Мишель Бродо - Беседуя с Андре Жидом на пороге издательства
— Ты очаровываешься вполне ощутимыми, всем известными простыми вещами. Филипп Делерм, человек определенно талантливый, объединил несколько коротеньких рассказов в книжку под названием «Первый глоток пива»[21], она имела такой успеху книготорговцев, какого не ожидал и сам автор. Ты испытываешь удовольствие от кружки пива в жаркий день, оттого что идешь в мокрых холщовых туфлях, что лущишь горох в стручках и тому подобное. В каком-то смысле Делерм дал почувствовать читателям, что порой они переживают необычайные, удивительные минуты, не отдавая себе в этом отчета или не решаясь об этом сказать. Описывая и публикуя свои ощущения, Делерм дает им право на существование и в сфере экзистенциального, и в сфере прекрасного. При этом он старается не впасть в мистику, в религиозность, ведь так легко прийти в экстаз из-за холщовых туфель, в особенности мокрых. По примеру Кристиана Бобена, который везде видит Бога. Но Делерм — человек сдержанный, он твердо стоит на ногах, даже если они мокрые.
— Французы, однако, обожают разные японские штучки, утонченную каллиграфию, изящные лаковые вещицы, опиум для богатых и всякое такое. Эти выродившиеся галлы сходят с ума от Азии.

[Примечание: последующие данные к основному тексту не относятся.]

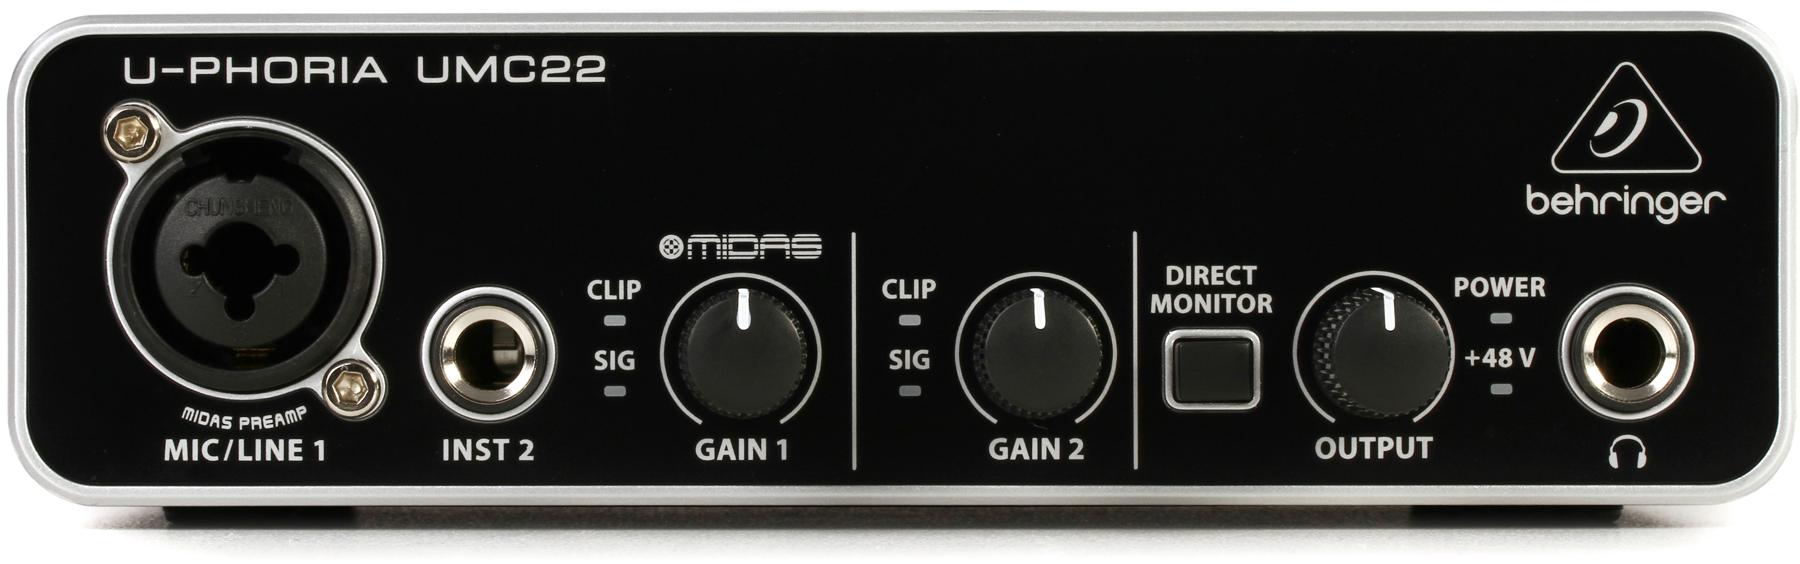 Behringer U-Phoria UMC22 USB Audio Interface main image

Тогда почему бы им не сменить дешевое красное вино на что-нибудь из области «дзен»? Бьюсь об заклад, у вас еще есть романы о природе, заброшенных мельницах, потомственных лозоходцах. Не все Паньоли и Жионо. Тем более не Франсуа Ожьерас[22].
— О да, есть еще у нас писатели-почвенники, регионалисты…
— Ох, замолчите. А то меня стошнит. Сельские эпопеи… баснословные тиражи, преданные читатели, нескончаемая раздача автографов с трубкой во рту. Отвратительно. Не будем об этом.
— У нас есть кое-что совсем из другой оперы: целый набор интеллектуалов, как говорили в ваше время. Мыслители, гуманисты…
— Ах-ах! И они что же, поменяли точку зрения?
— На что?
— Да на всё!
— Это самое меньшее, что можно про них сказать. Кого у нас только нет: и вездесущий гуру в состоянии некоторой разбросанности, и респектабельный попутчик в прошлом, а ныне растерянный романтик, ставший угрюмым и путешествующий в одиночестве, и сорбоннский преподаватель морали, запутавшийся в своих карточках, и старый левак, насмотревшийся телевизора, и психоаналитик из кабаре — в этой области много разного рода красавцев, и каждого то в одну сторону занесет, то в другую. Для страны с давними традициями это даже как-то досадно.
— А как же чертова работенка, служба? Или это не про них, не про мыслителей?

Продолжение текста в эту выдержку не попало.